查找客户未购买的产品的平均评分

Finding average ratings of a product that customers have not bought

我正在尝试为每个客户查找他们未购买的产品,以及这些产品中哪些产品的评分最高。

例如,在下面的 table 中,约翰购买了商品 1 和 2,但没有购买商品 3、4 或 5。商品 3 和 5 没有评级,因此不会被包括在内,但应该包括产品 4,因为它是约翰没有购买的评价最高的商品。

这是我的 table 结构和一些示例数据:

顾客

id  | customer
----|---------
1   | john
2   | jenkins
3   | jane
4   | janet

产品

id  | description
----|---------
1   | deoderant
2   | soap
3   | shampoo
4   | razor
5   | sponge

订单

customer_id  | product_id
-------------|---------
1            | 1
1            | 2
2            | 3
2            | 4
3            | 5

评分

customer_id  | product_id | rate
-------------|------------|-------
1            | 1          | 3
2            | 2          | 2
2            | 4          | 3
4            | 2          | 4

如果您想为一位客户执行此操作,只需使用 order bylimit:

select c.*, r.*
from customers c cross join
     (select r.product_id, avg(rating) avgr
      from rating r
      group by r.product_id
     ) r left join
     orders o
     on o.customer_id = c.customer_id and
        o.product_id = r.product_id 
where c.customer_id = @customerid and o.product_id is null
order by r.avgr desc
limit 1;

如果你想一次给所有客户,那就有点复杂了。一种方法是使用 substring_index()/group_concat() 技巧:

select c.*,
       substring_index(group_concat(r.product_id order by avgr desc), ',', 1) as product_id
from customers c cross join
     (select r.product_id, avg(rating) avgr
      from rating r
      group by r.product_id
     ) r left join
     orders o
     on o.customer_id = c.customer_id and
        o.product_id = r.product_id 
where c.customer_id = @customerid and o.product_id is null
group by c.customer_id;

我先写了几个子查询,然后再将它们拼凑在一起。我的个人建议是在寻求整个解决方案之前,始终将问题分解成更小的部分。
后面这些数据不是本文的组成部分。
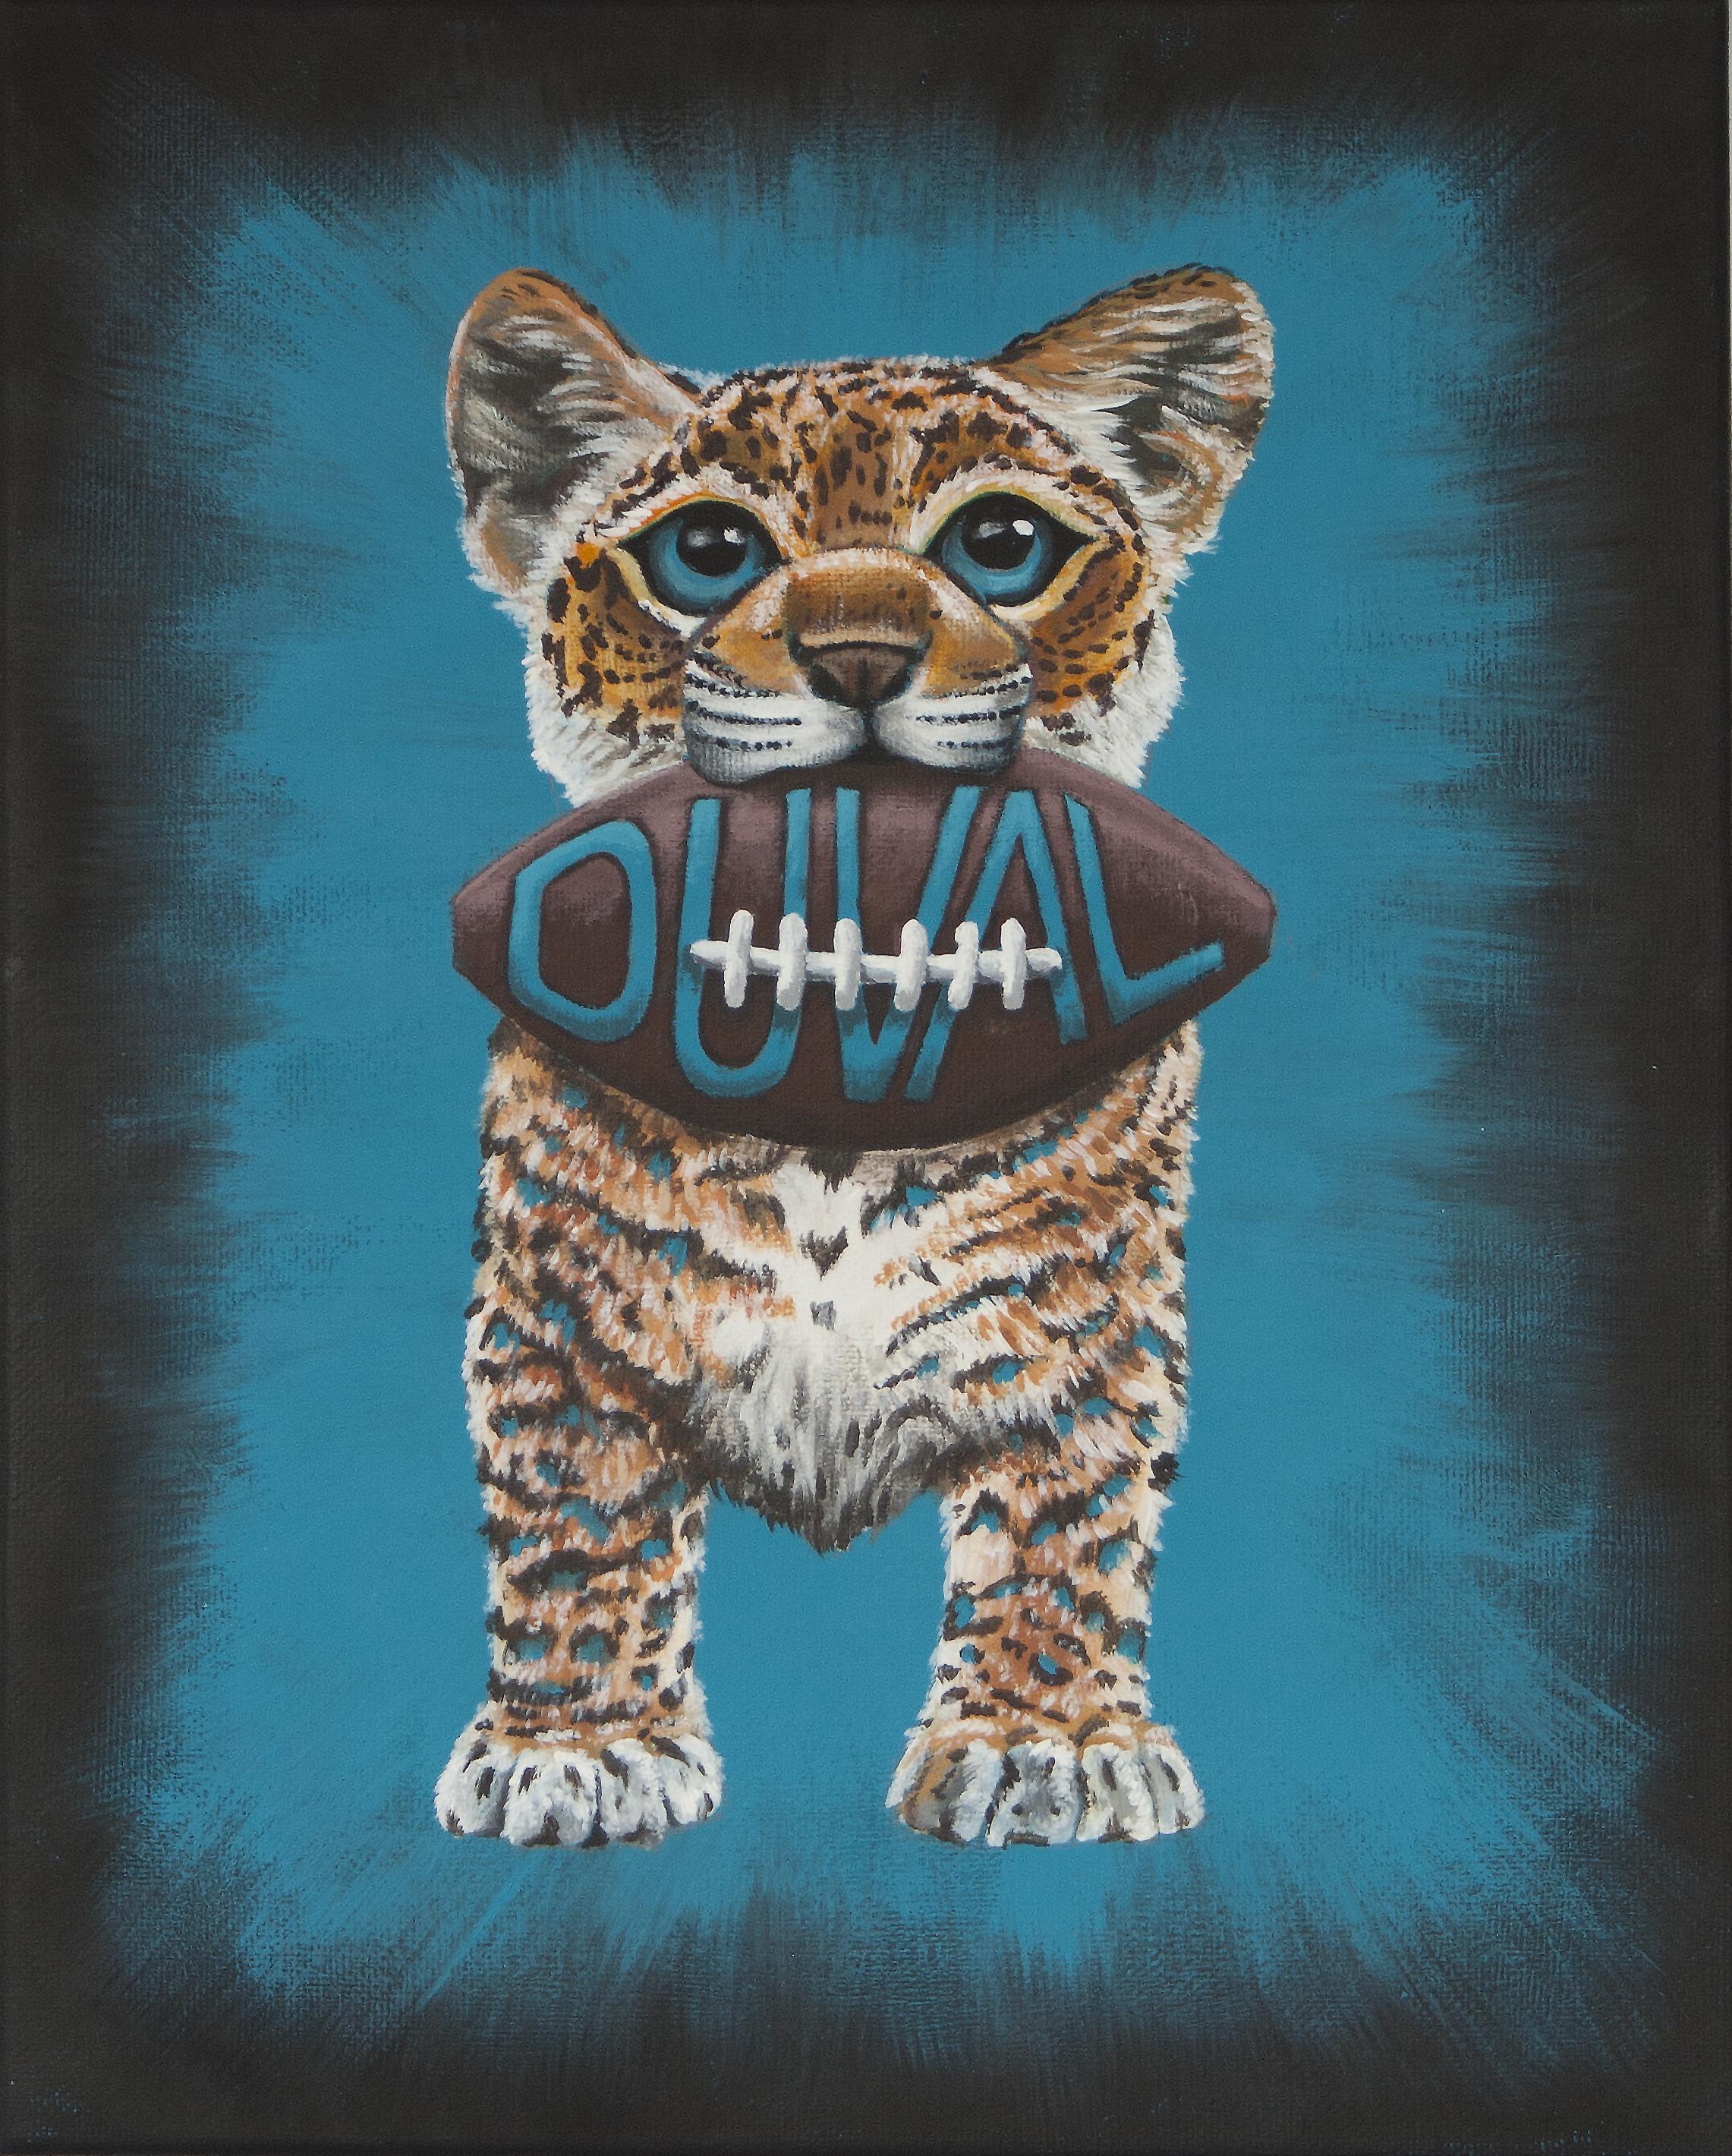 Jax_Jaguars.jpg
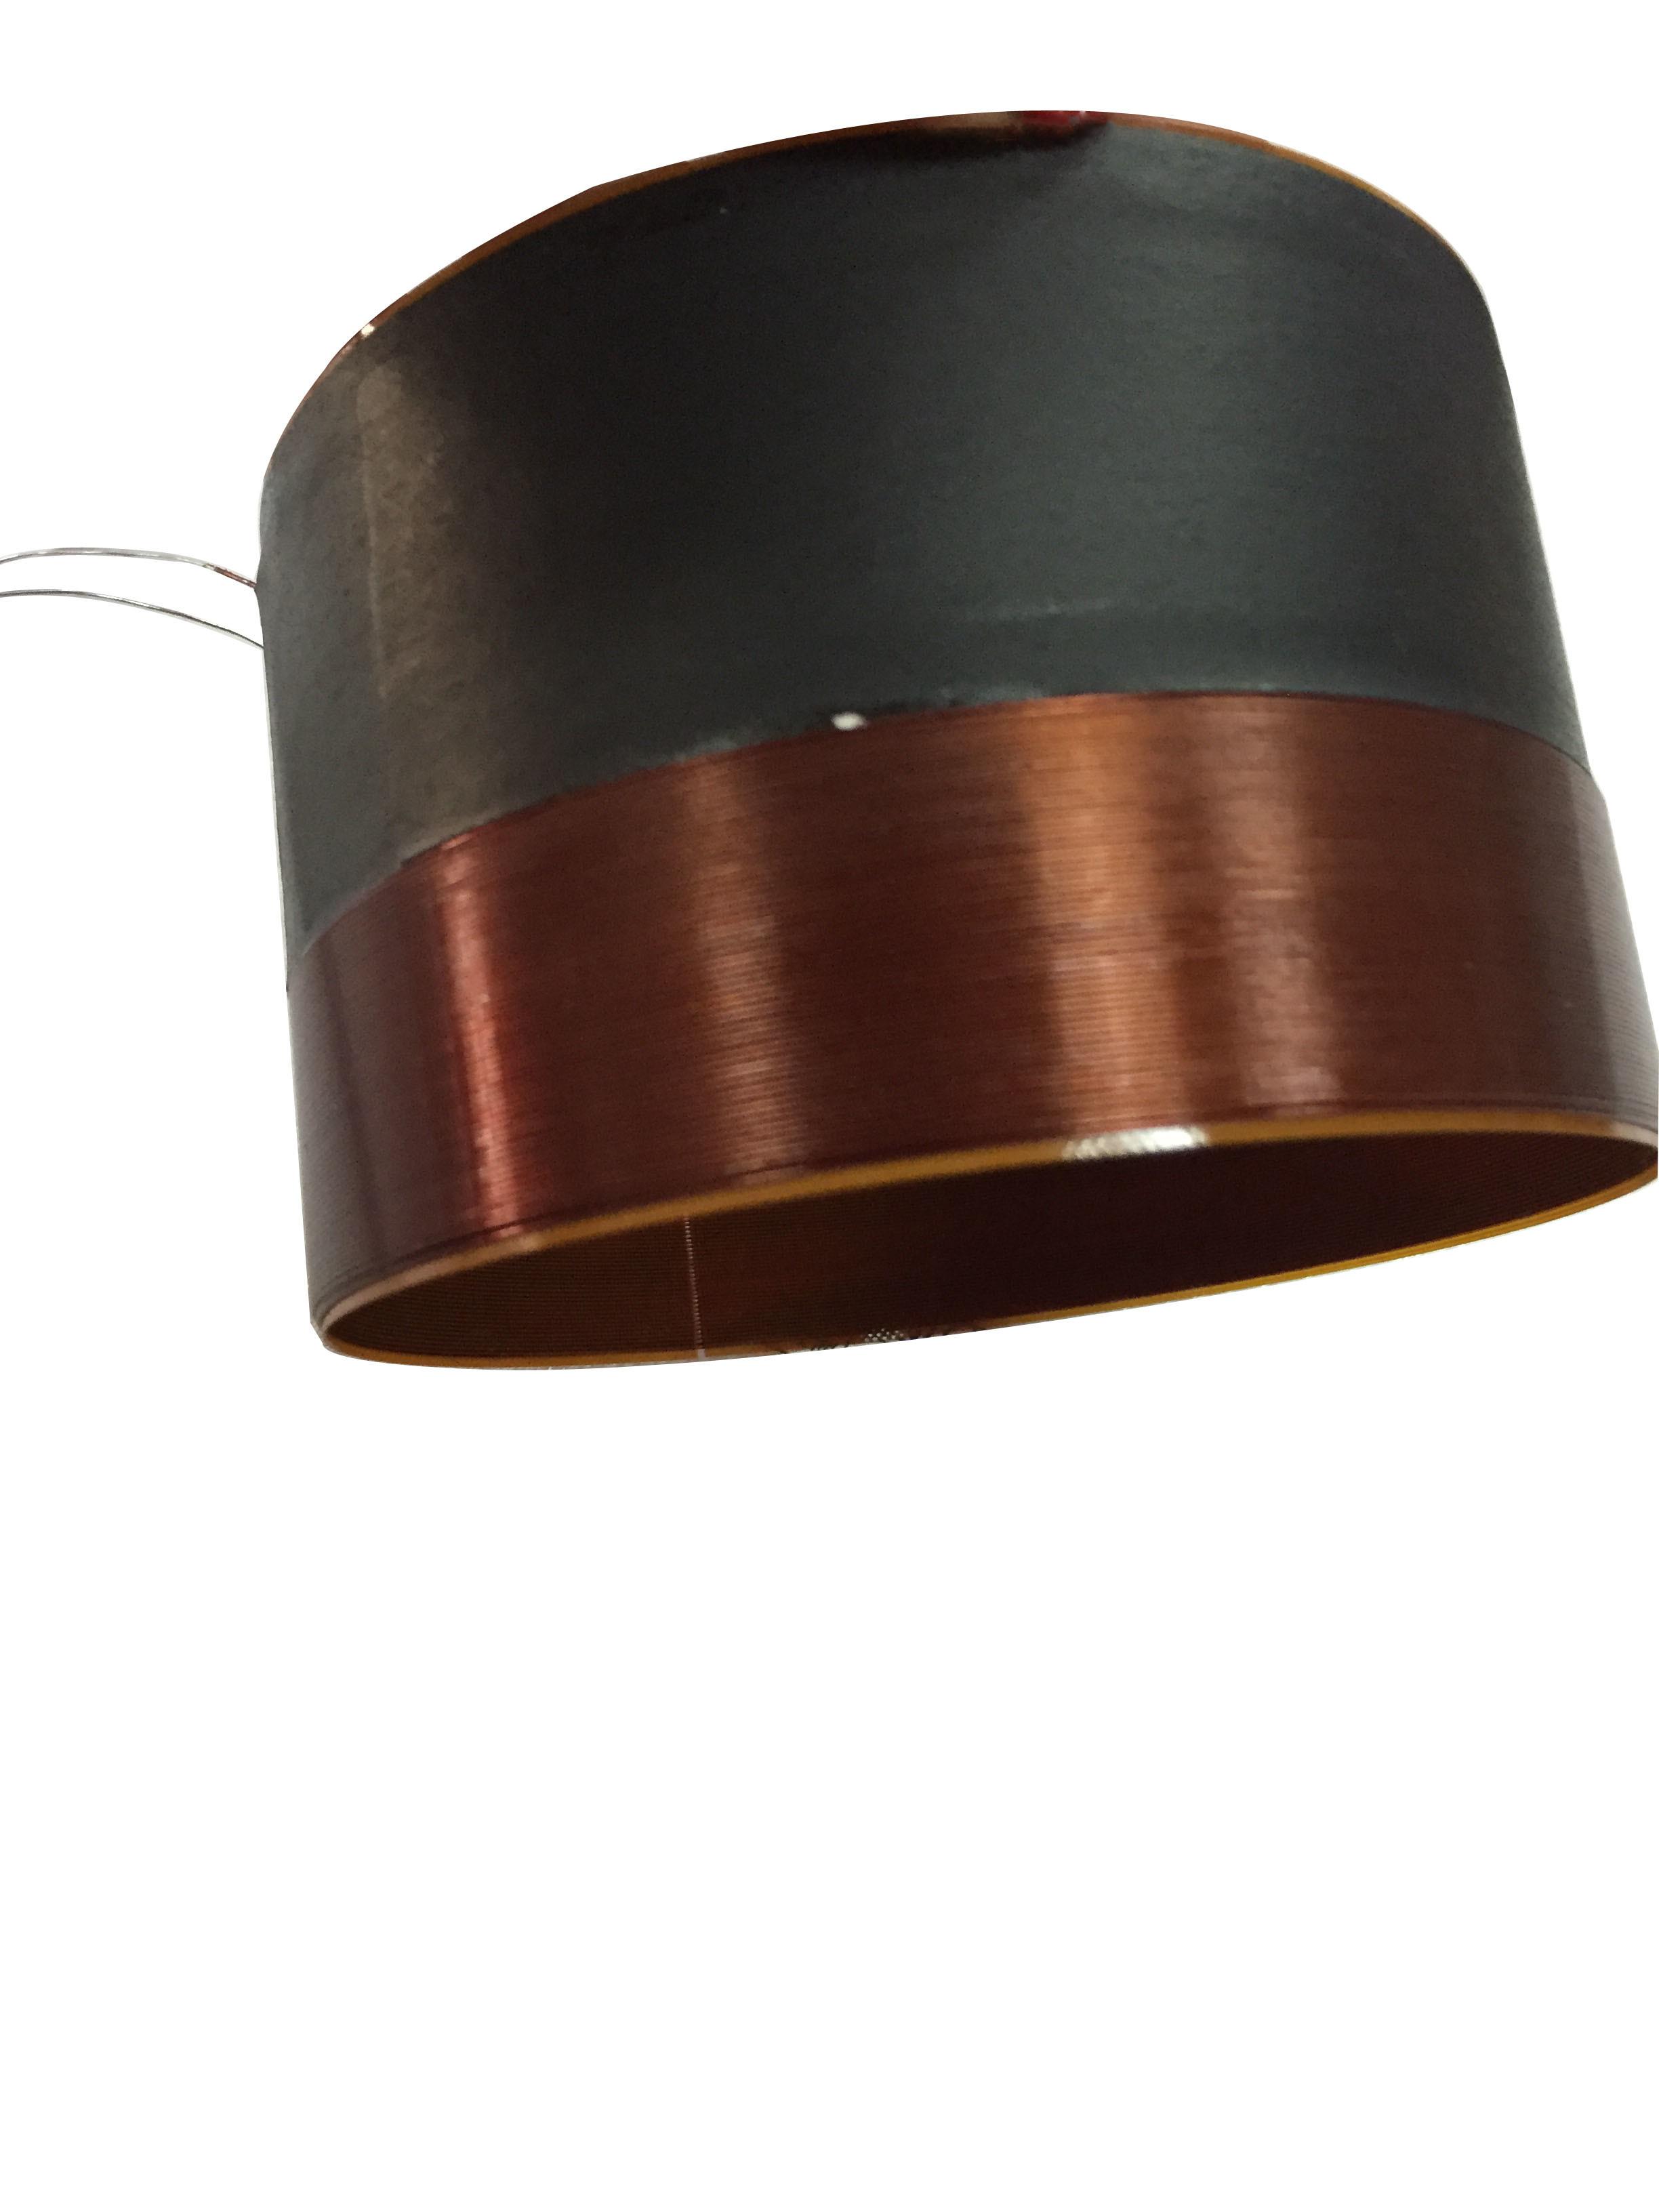 Speaker Parts Ksv Voice Coil - Loundspeaker Voice Coil

例如,我需要知道的一件事是每个客户还没有购买的所有产品。我这样做是通过交叉连接客户和产品 table(以获得所有配对)并删除订单 table 中已经存在的对,如下所示:

-- Get all customer/product pairings where customer_product
-- does not exist in orders table
SELECT c.id, p.id
FROM customer c
CROSS JOIN product p
WHERE (c.id, p.id) NOT IN (SELECT * FROM orders)
ORDER BY c.id;

我还写了一个子查询来获取每个产品的平均评分。如果产品没有评级,此查询将 return 为空:

SELECT p.id, AVG(r.rate) AS averageRating
FROM product p
LEFT JOIN rate r ON r.product_id = p.id
GROUP BY p.id;

现在,我可以将这两个作为子查询和 select 客户 ID、产品 ID 以及他们尚未购买的每个产品的评级包括在内:

SELECT t1.customerID, t1.productID, t2.averageRating
FROM(
  SELECT c.id AS customerID, p.id AS productID
  FROM customer c
  CROSS JOIN product p
  WHERE (c.id, p.id) NOT IN (SELECT * FROM orders)
  ORDER BY c.id) t1
JOIN(
  SELECT p.id AS productID, AVG(r.rate) AS averageRating
  FROM product p
  LEFT JOIN rate r ON r.product_id = p.id
  GROUP BY p.id) t2 ON t2.productID = t1.productID;

那是最难的部分。剩下要做的唯一一件事就是进行一些聚合,以从每个客户未购买的商品中获得最大评分,然后在最大评分与平均评分相匹配的情况下将该聚合查询与上面的查询连接起来。所以,这是我放在一起的可怕查询:

SELECT t1.customerID, t1.productID, t1.averageRating
FROM(
  SELECT t1.customerID, t1.productID, t2.averageRating
  FROM(
    SELECT c.id AS customerID, p.id AS productID
    FROM customer c
    CROSS JOIN product p
    WHERE (c.id, p.id) NOT IN (SELECT * FROM orders)
    ORDER BY c.id) t1
  JOIN(
    SELECT p.id AS productID, AVG(r.rate) AS averageRating
    FROM product p
    LEFT JOIN rate r ON r.product_id = p.id
    GROUP BY p.id) t2 ON t2.productID = t1.productID) t1
JOIN(
  SELECT t1.customerID, MAX(t2.averageRating) AS maxRating
  FROM(
    SELECT c.id AS customerID, p.id AS productID
    FROM customer c
    CROSS JOIN product p
    WHERE (c.id, p.id) NOT IN (SELECT * FROM orders)
    ORDER BY c.id) t1
  JOIN(
    SELECT p.id AS productID, AVG(r.rate) AS averageRating
    FROM product p
    LEFT JOIN rate r ON r.product_id = p.id
    GROUP BY p.id) t2 ON t2.productID = t1.productID
  GROUP BY t1.customerID) t2 ON t2.customerID = t1.customerID AND t2.maxRating = t1.averageRating
ORDER BY t1.customerID;

这里是 MySQL workbench 结果的快照:

需要注意的重要一点是我没有消除关系。因此,例如,客户 2 没有购买产品 1 或 2,并且它们具有相同的评级,因此两行是 returned。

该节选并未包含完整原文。